I found an article today that described some people testing dice to figure out how random they actually are. The people writing the article rolled two different d20s made by different manufacturers to see if one manufacturers claims of better randomness were actually warranted. Unlike many gamers I know they did not use a sample size of four to decide if a die is fair or not - they rolled the dice 10,000 times and recorded the results. It turns out that the d20s they tested were quite biased, with many numbers showing up 20% too often or too little, which is extraordinarily unlikely in a sample set that large if the die was indeed truly random. The die with the more grandoise claims to true randomness was generally better distributed except that the number 14 was extremely underrepresented due to a bump on the opposite side of the die. One would assume that if that bump were shaved off expertly then it would in fact be the better randomization engine.
The simple thing we can take away from this is that cheaply made dice with numbers carved into them are not as random as we would like when rolled by humans. They *are* loaded. But they *aren't* loaded in the way people tend to complain about. The results were scattered about without any particular tendency to high rolling or low rolling. Neither of the dice were especially good or bad, and they definitely weren't good or bad enough that anyone could have been sure about it without hundreds or thousands of carefully recorded rolls.

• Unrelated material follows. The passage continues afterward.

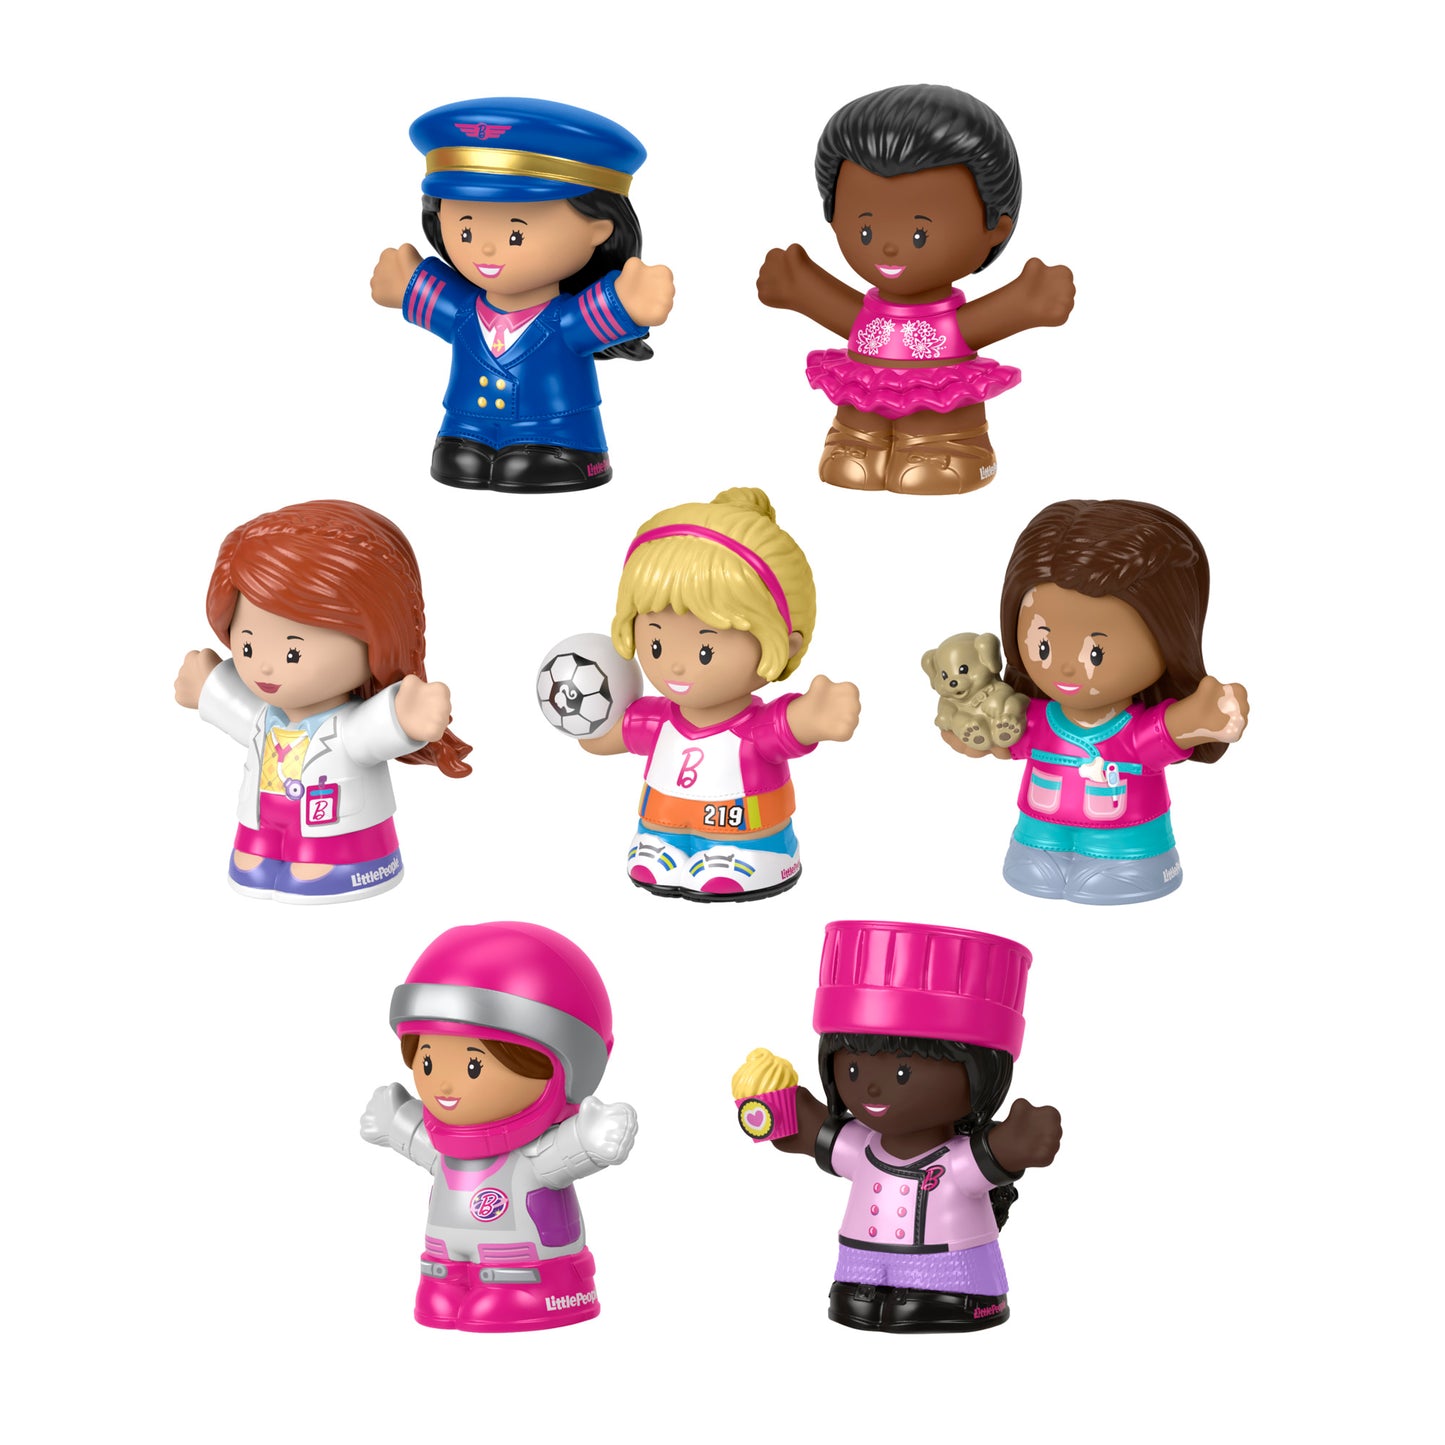 Barbie You Can Be Anything Figure Pack by Little People

Thing is though, we don't actually care very much how good the randomization quality actually is. People buy dice because they are pretty, feel good, and are easy to read. I am a numbers geek and still if you offered me the die with bigger claims to true randomness I would turn it down. It has sharp corners, numbers that are hard to read, and doesn't look as nice. I am rolling dice in part because I want a random number generator, and in part because I like the experience. I could use an app to generate much better random numbers and I do not do that - in fact I don't even consider it.
I want to roll dem dice!
There would certainly be a point where a die was simply too unfair for me to be willing to use it. A die that generated 10% 20s, 0% 1s, and was otherwise fair would be far too loaded for me to be willing to use it, even though it would be to my advantage to do so. That said, if a die isn't actually really loaded towards being good or bad then I don't much care if all the results are equally likely.
If I wanted perfection I would use an algorithm. I want to toss sparkly, colourful bits of plastic around and use that to decide my results, and so that is what I do.